This is the 21st-century vision of play: it’s safe, organised, educational, always supervised by adults. And it might have killed off what we used to think of as play: kids running around whatever space they could find, improvising unpredictable games and creating social worlds unfathomable to their parents.

Children are far less free than they used to be. While 71% of Boomers and 80% of Gen X recall playing in the street as children, only 27% of children do today. And last week, MPs heard evidence in an inquiry into how the built environment restricts children’s independence, with charities warning that a lack of outdoor play is very bad for their development.

In urbanised environments, where land is at an all-time premium, finding a place to run around can be a challenge. One in eight children don’t have a garden and nearly 800 playgrounds have closed in the past decade. But this doesn’t account for the precipitous collapse of playing on the street, when roads are more regulated and safer than ever before. Nor does it acknowledge that there are still 16,000 playgrounds maintained by local authorities in the UK, and 27,000 parks. There must be some other factors at work.

Having a child is generally perceived as harder than it used to be. In three quarters of families in which the parents are together, both of them work. And childcare costs have risen precipitously. There has been an attendant boom in helicopter parenting, with couples more focused than ever on the details of their kids’ development. Their aim is to optimise their lives — and excise all bad externalities.

But this safetyist instinct does have blind spots. While parents might be grilled in A&E if they bring in their child with a minor injury from climbing a tree; nobody tells you off for parking your toddler on the iPad for half an hour that turns into half a day. If your kids are a bit pallid from spending more time online than outside, that’s accepted as normal. Safeguarding culture is obsessed with preventing tangible, acute injuries such as cuts and bruises, but the slower chronic harms that emerge over years are often ignored — even though we know, and lament, that children are increasingly less physically and mentally healthy.

At the heart of this issue is whether children are free to exercise their instincts. Dutch cultural theorist Johan Huizinga saw play as primal: just like any other young animal, children have an intrinsic drive to play, and don’t need to be taught how to do it.  Huizinga defines play as an act of self-directed freedom. It can only really happen when children are left to their own devices, which requires parents to ignore them.

To modern helicopter parents, this can feel counterintuitive. We are increasingly uncomfortable about our children’s discomfort: the influence of safetyism can be seen in how we approach their emotional lives as well as their corporeal ones. Parents worry that boredom is bad — when actually, it is an important learning experience. It’s a transitional space in which the child realises that she needs to do something differently. She might then try to attract a parent’s attention. If she doesn’t get it, she gets fractious; if she is still ignored, she eventually finds something else to do. If we leave that novelty-seeking impulse to develop, it turns into creativity. It just needs time.
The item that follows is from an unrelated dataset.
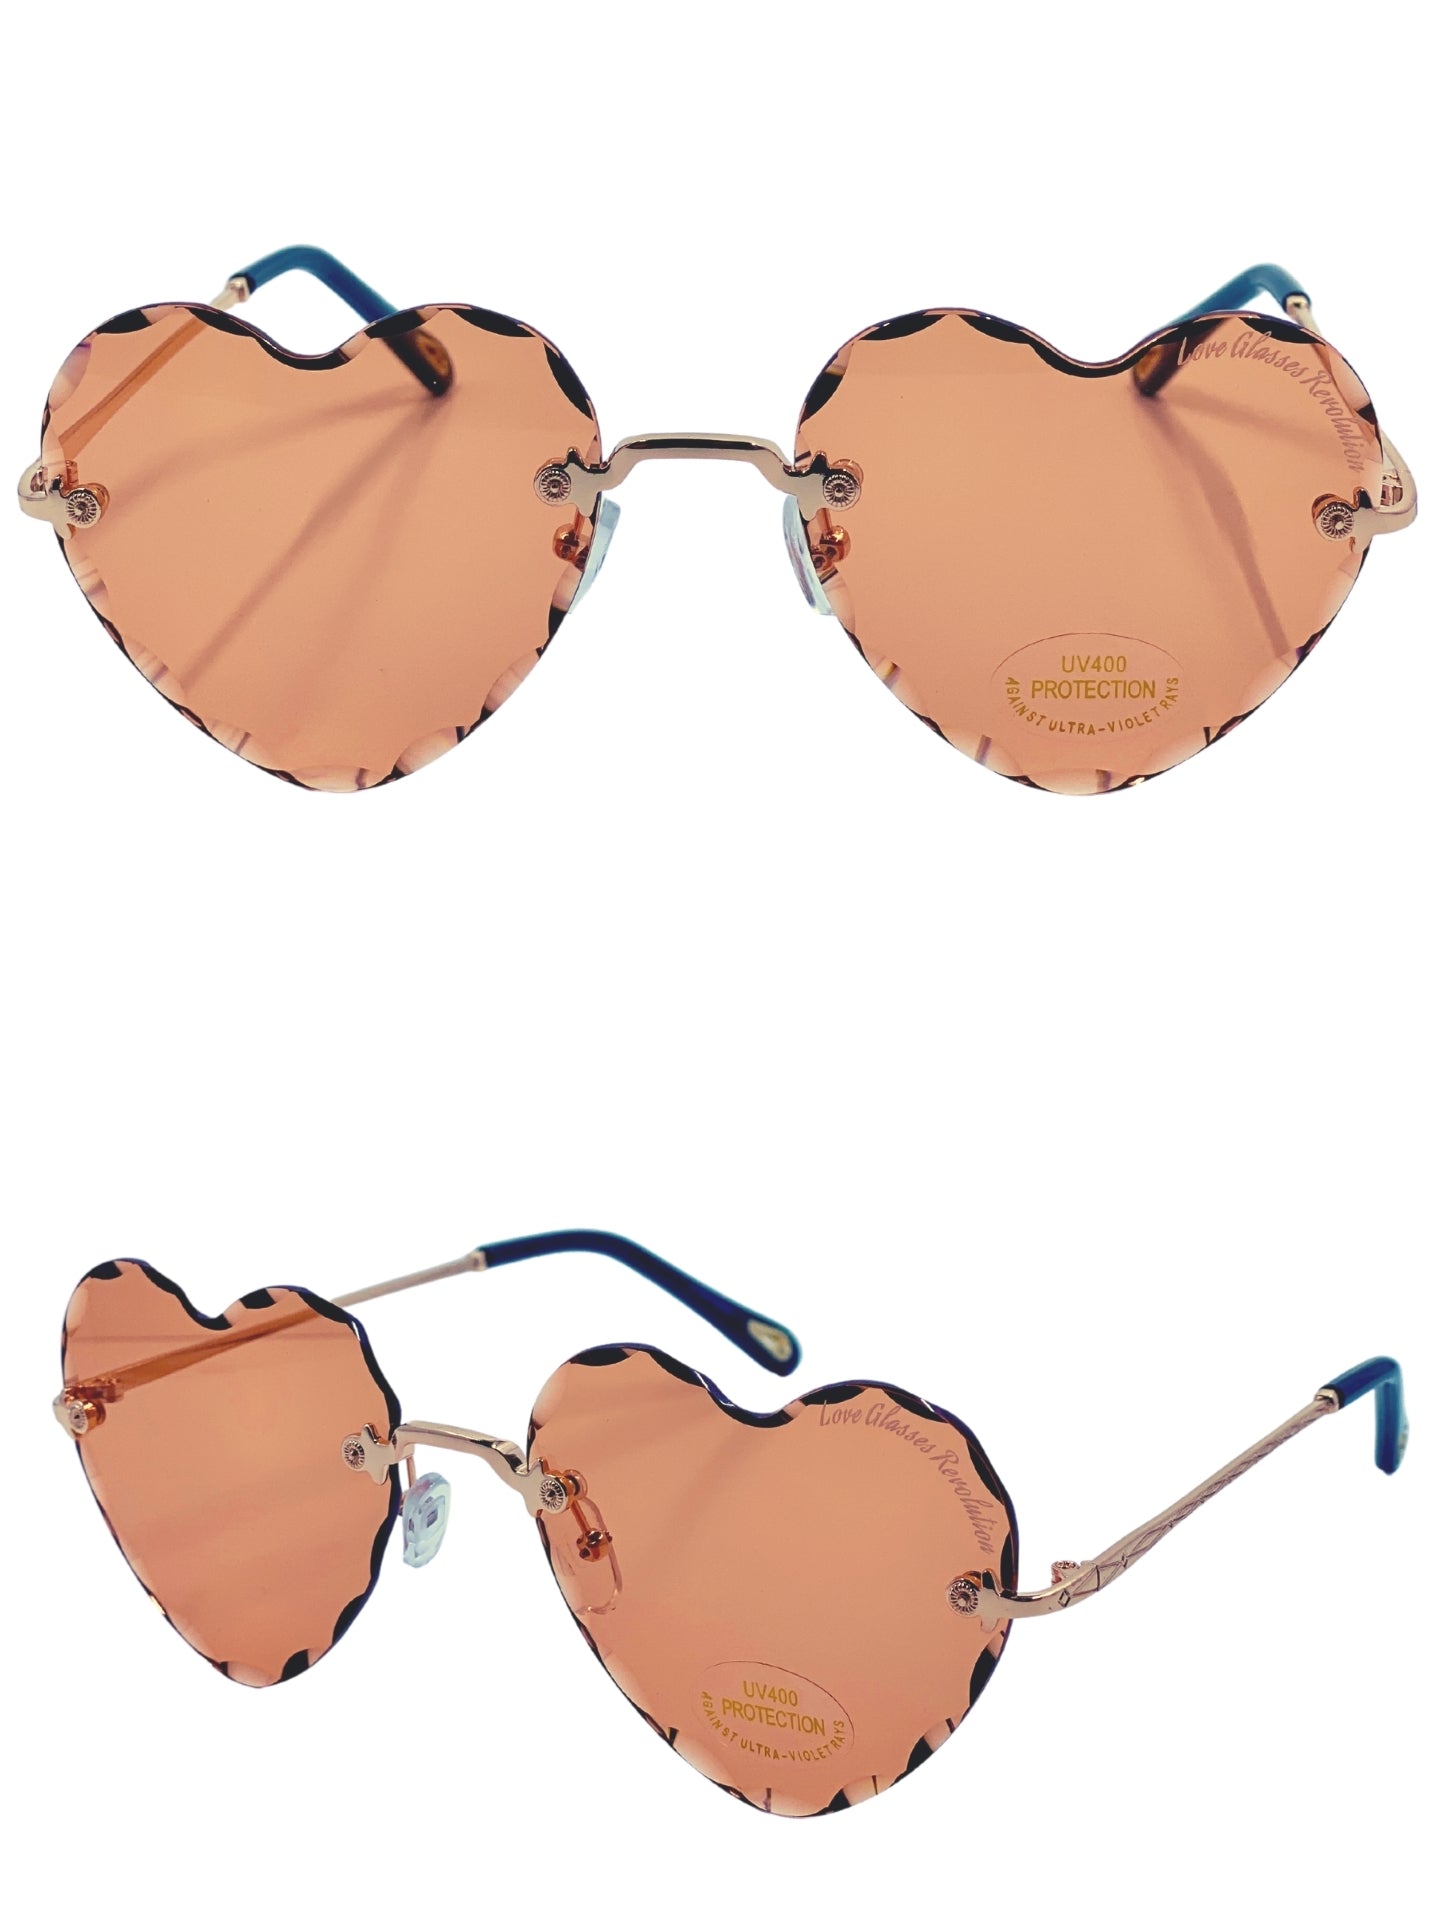 Beveled Frameless - Love Glasses Revolution - Heart Shaped eyewear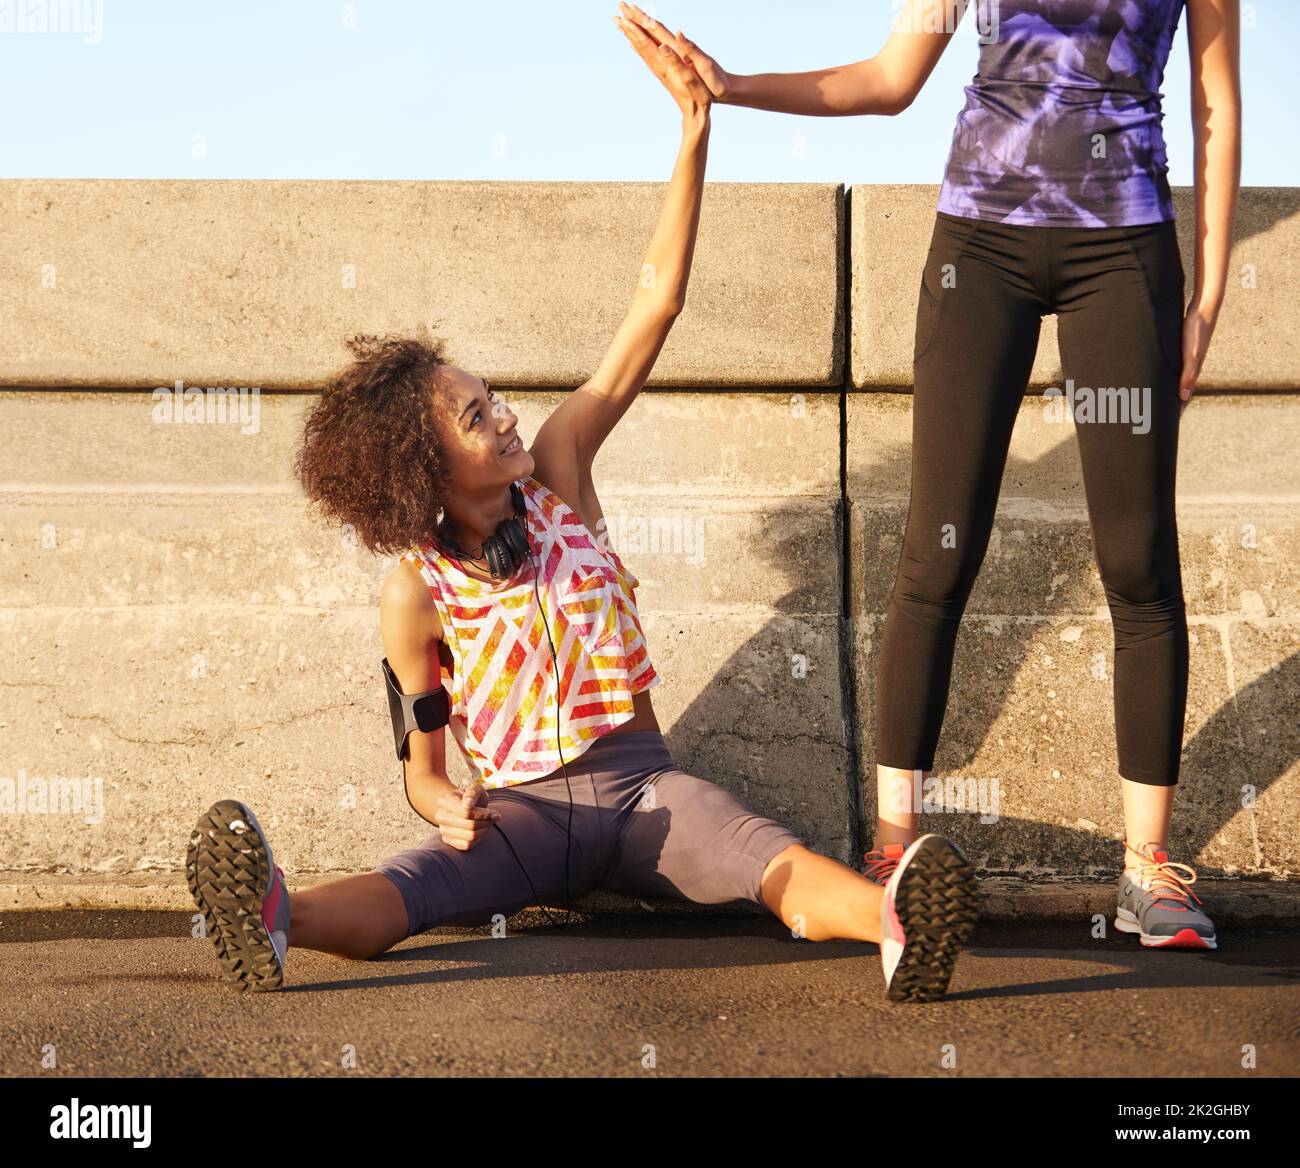 Entrambi abbiamo fatto stupendo. Shot di una jogger femminile seduta sulla strada e high-fiving suo partner in piedi. Foto Stock

This is increasingly difficult, though, now that we all have distraction machines in the palms of our hands. Most adults won’t choose the disgruntlement of boredom over the abundance of synthetic novelties on offer online — which makes it hard to admonish a child for seeking the Xbox or the iPad rather than inventing their own forms of entertainment.

And it’s true that when play involves temporary social orders, it brings discomfort with it. Playing out in the street means muddling along with whoever else is out there; it means trying — and often failing — to assert one’s role in an emergent group, which might be big, and include kids who are taller and older and cleverer. When children play structured games, whether it’s hide and seek or a ball game or soldiers fighting in the trenches, they have to abide by the rules of engagement — and deal with losing.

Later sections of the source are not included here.